[Source data]:
····················

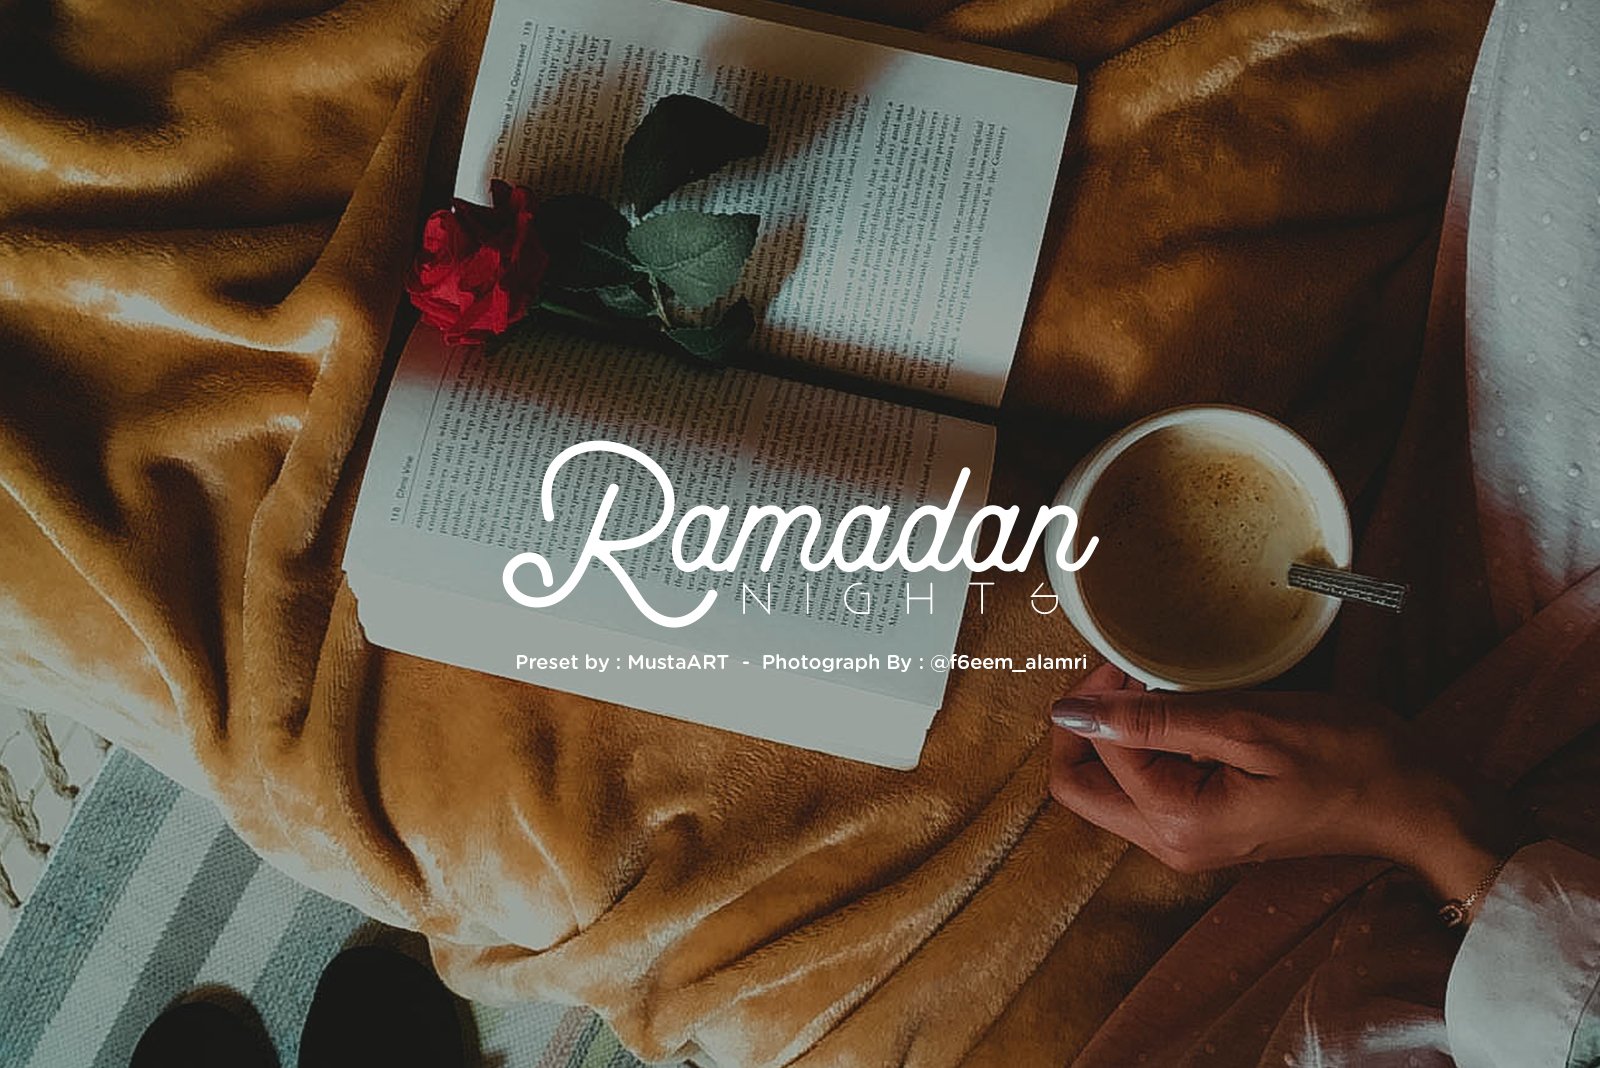 Ramadan Nights v01cover image.
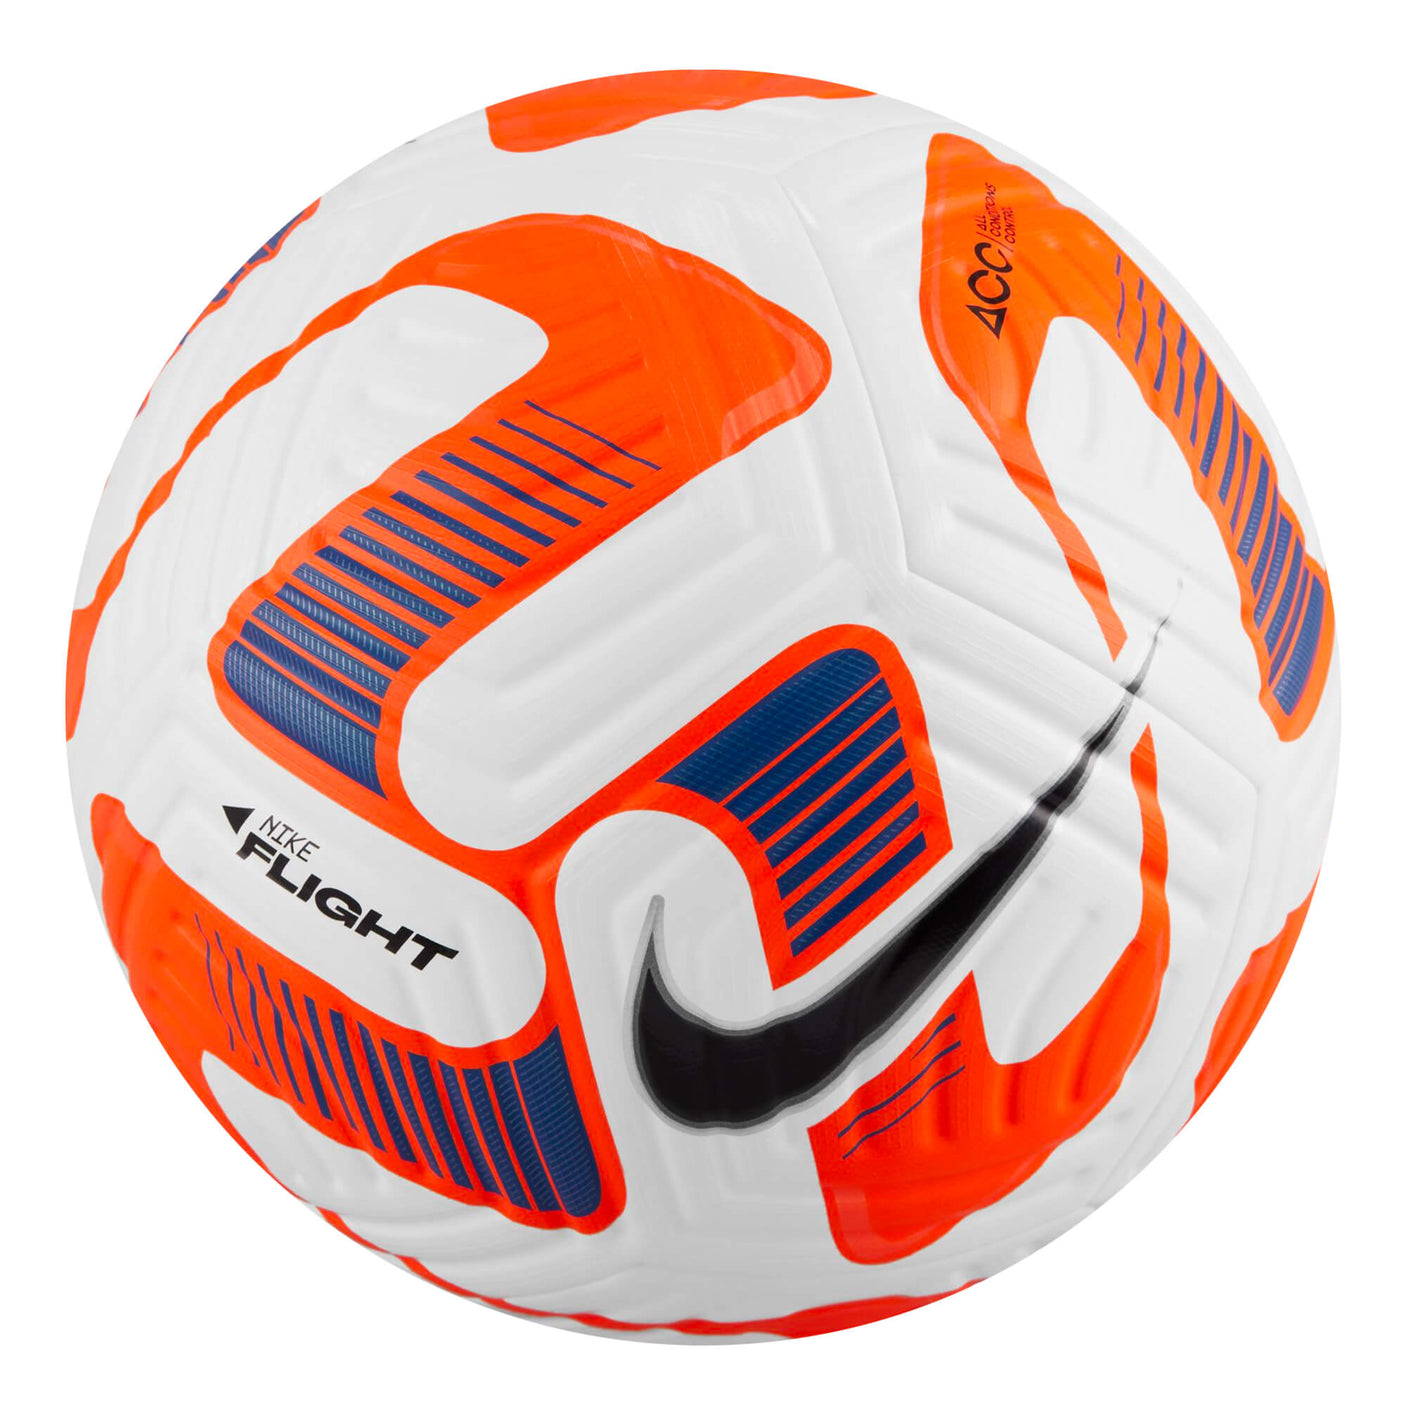 Nike Flight Soccer Ball - 5
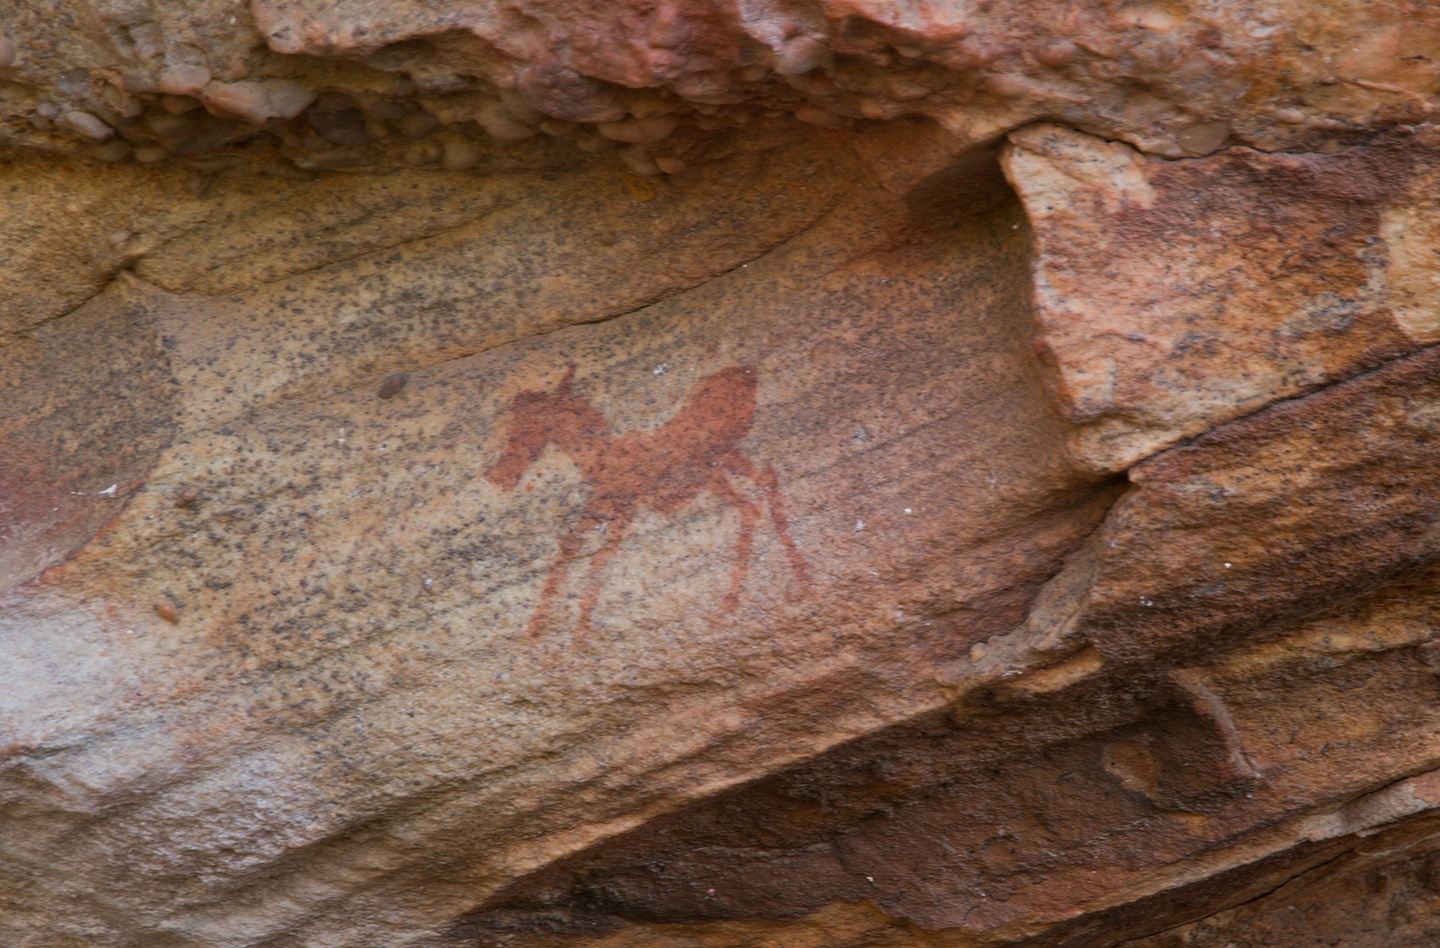 Stone-age San (Bushman) Rock Art  - a Day Trip from Cape Town

····················

[Your assignment]:
Repeat the line containing "Nike Flight Soccer Ball - 5" and every line after it up to the end of the material above, exactly as they stand, minus the pictures.

[Task answer]:
 Nike Flight Soccer Ball - 5
 Stone-age San (Bushman) Rock Art  - a Day Trip from Cape Town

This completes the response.